病気の際の病児保育は、金額がお高めです。
病院へ連れてってくれるサービスがあるか、月会費があるか、どのような人が来るのか、
急な発熱などでも必ず利用出来るのか、確認事項が多くあります。
両親に頼む事を視野に入れるのもいいですが、風邪や感染症の時、高齢の両親にお願いするのは、両親自身の感染が心配でYさんは出来なかったそうです。
働きながらこれらすべてをクリアしていくのは、体力的にも精神的にも負担が大きいと言えます。

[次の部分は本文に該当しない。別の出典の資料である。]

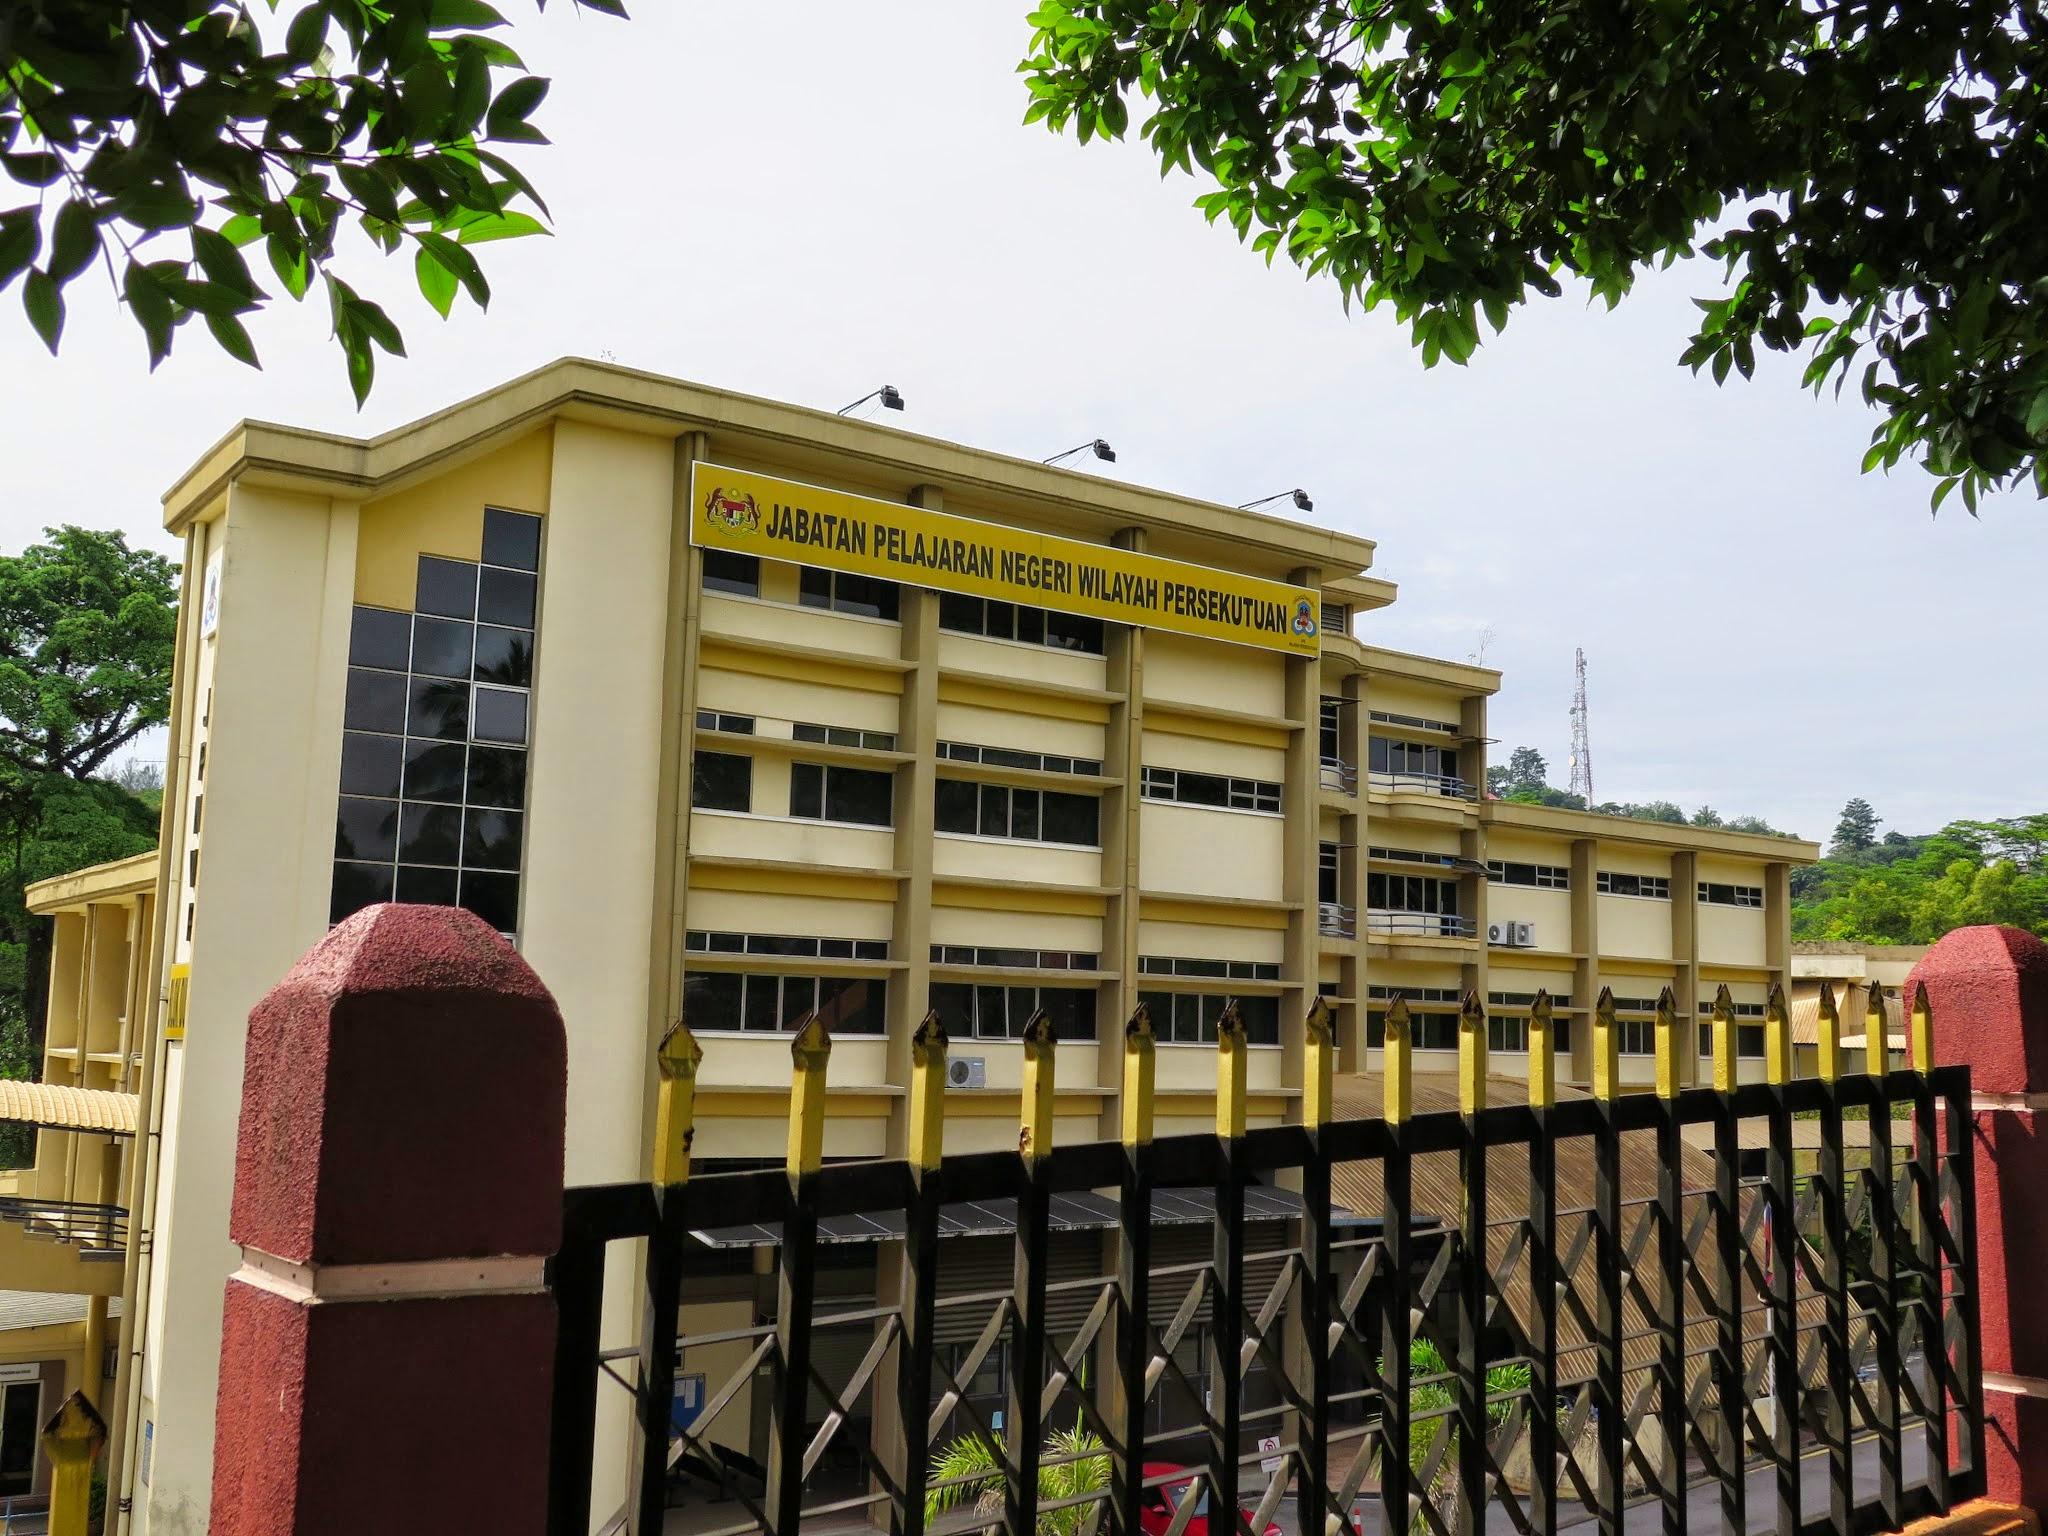 Jabatan Pelajaran Negeri Wilayah Persekutuan

これらの負担を背負いながら長時間働くことに、あなた自身が耐えられるかも大事なポイントになりますね。
何を一番優先するか、もしくは我慢できないか
もし周りの環境が整っていたら、あとはあなたが何を一番優先したいかで決めて下さい。
優先順位をつけるのが難しいなら、あなたの性格上何に我慢できないかを考えてみてはいかがでしょう。
時短勤務に向いている人
- 子供との時間が何より大事
- 仕事よりもプライベートを大事にしたい
- 時間が無くて全てに余裕がなくなるのは嫌
フルタイム勤務に向いている人
- どんどん仕事をして昇進したい
- マイホームのためにとにかくお金を貯めたい
- 最後まで仕事に責任を持てないのは嫌
- 周りの目を気にしながら仕事をするのは嫌
自分の気持ちに優先順位をつけてから考えると、満足度の高い働き方が決められそうです。
また、働いてみて、どうしても自分には合っていない、と感じたらまたその時に働き方を変えたらいい、
とある程度割り切って決断するのも大事かもしれませんね。
まとめ
時短勤務は、子供との時間が確保でき、育児にゆとりをもたらしてくれる素晴らしい制度です。
しかし、勤務時間を短縮することは、減収や、仕事の満足度、周囲との関わりなどの変化をもたらします。
Yさんのように、何も知らずに時短勤務を開始して「こんなはずじゃなかった!」と後悔しないように、
あなたが育児と、仕事を両立していく上で、
何を一番優先したいか、
あなたにとって一番ストレスのない働き方はどちらか、と考えて下さい。
ママのストレスは子供にも伝わってしまいます。
自分軸で自分の気持ちを優先して、あなたに合った働き方が見つかるといいですね。